When you consider I have about 200 in a 20 I'd say you can have more then you can find. As Momo said, thay are just a part of a multi-pronged approach to algae control


----------



## Momotaro (Feb 21, 2003)

Wow! 200 in a 20! I wnder how many are swimming in my 75G? 

Gnat, it's no wonder you are able to sell them at such a great price!

Mike


----------



## John P. (Apr 10, 2004)

gnatster said:


> When you consider I have about 200 in a 20 I'd say you can have more then you can find. As Momo said, thay are just a part of a multi-pronged approach to algae control


Mercy! What are you feeding those things? Algae wafers lace with Viagra?

Seriously--what are you feeding them? I just started with wafers. My only pregnant Cherry Shrimp (pregnant when I bought the lot) dies after I had her 2 weeks.


----------



## kk (Oct 6, 2003)

I like the idea of an "algae crew". I had been considering the purchase of either SAE's or Oto's or Shrimp. I guess I can do all.

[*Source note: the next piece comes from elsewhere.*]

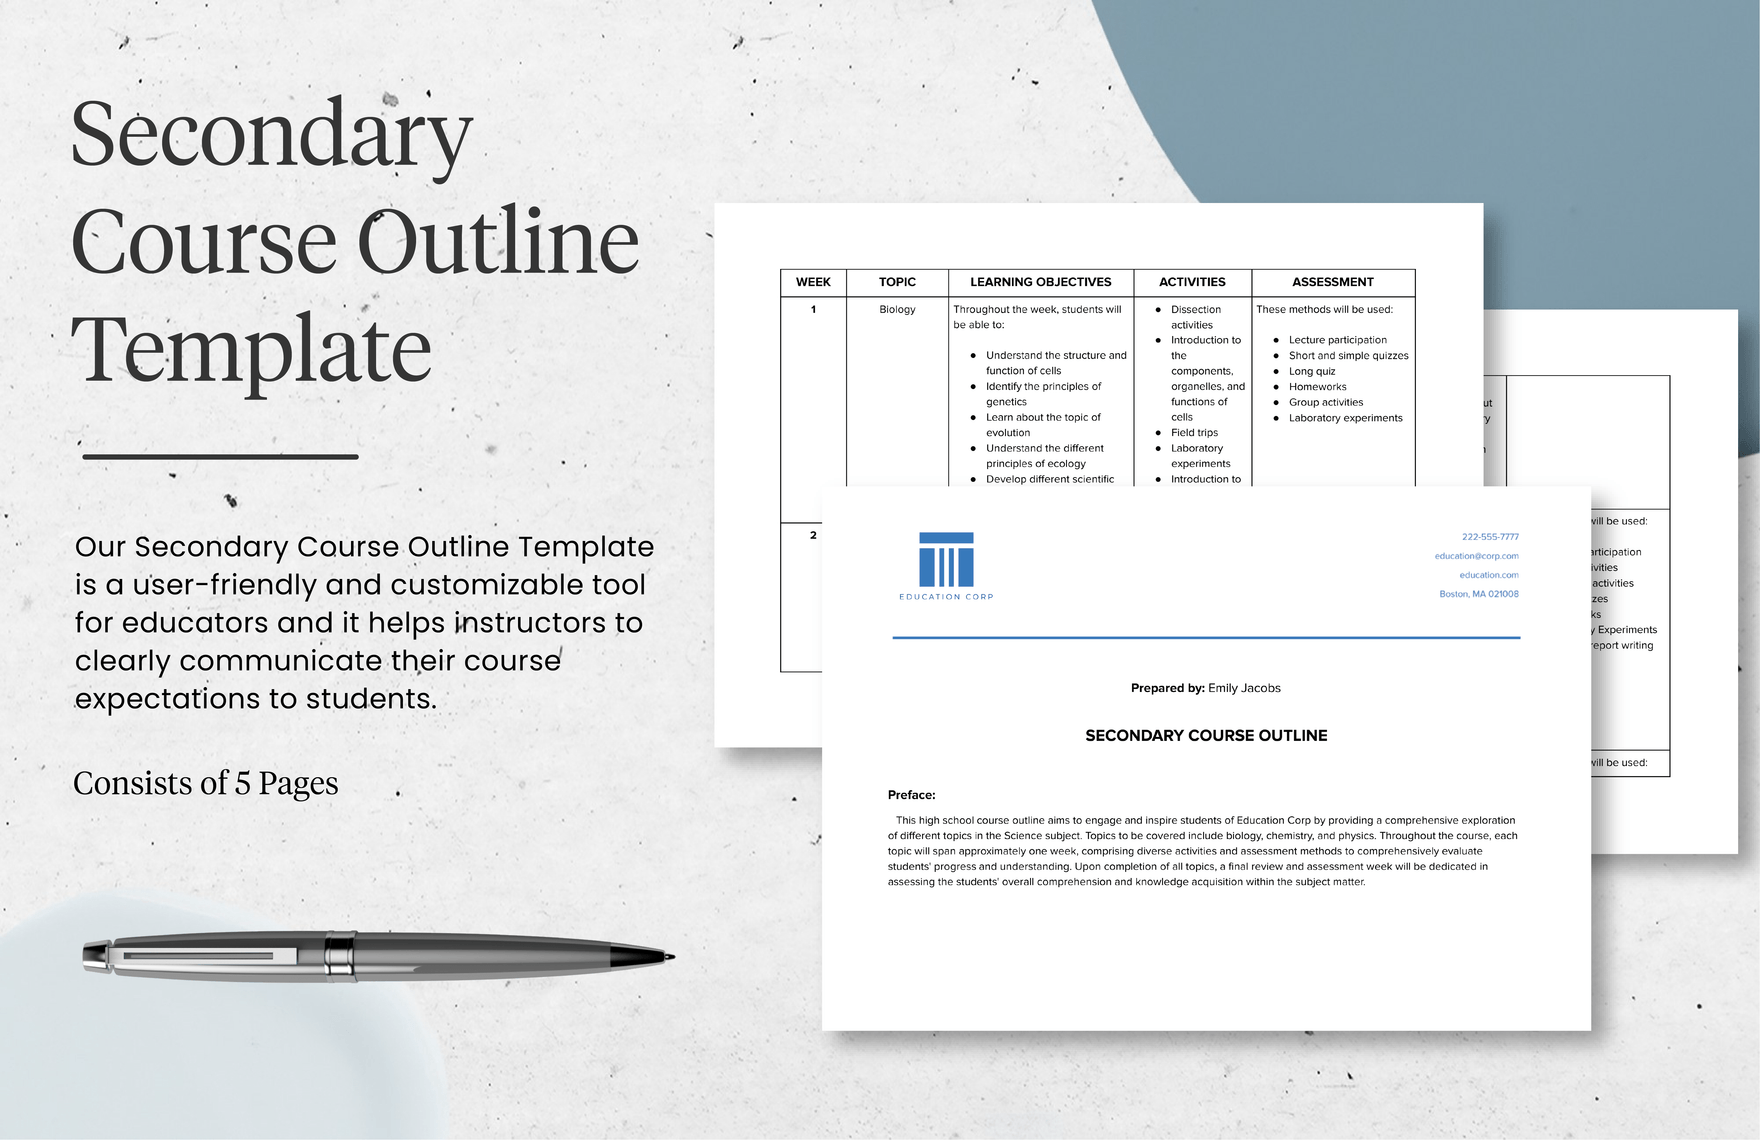 Secondary Course Outline Template in Word, Google Docs

Any specific advise on keeping the Shrimp? I have rainbows in my tank with a lone yoyo loach. Any potential problems with this combination?


----------



## amber2461 (Sep 26, 2004)

I did an experiment once, I have a tank with 3 Burmese loaches, put in 1 Japonica and boy, I didn't know which ones were faster, the Burmese loaches or the glass cat fishes ... good thing I still had the Japonica in the fish net (which was pressed against the tank wall).

Needless to say that tank has NO shrimps whatsoever :tongue:


----------



## Inzeos (Sep 10, 2004)

Wish I could find them in my area, seems the only shrimps the LFS carry are bamboo or ghost.


----------



## Crs2fr (Sep 22, 2004)

at my lfs they sell..ghost, and two other kind.. like transparent, and a small red, but not cherry.. man for the transparent and red one's they wanted 10$ each.. you could barley see em they were so little.... 10 bucks... geez... does that sound right?

chris


----------



## amber2461 (Sep 26, 2004)

$10 for a ghost shrimp, definitely NOT! $10 for a red ... depending on how badly you want them ... how about bugging them to lower the price and say that you are considering getting some more. If they won't lower it, then I would say that they are way too pricey.


----------



## amanda huggenkiss (Mar 3, 2004)

Hmm, that doesn't sound right at all. Maybe if you lived in Canada (because our fish prices are insanely high), but you should only be seeing about $3-5 for cherries. If it's not a cherry, I have no idea.


----------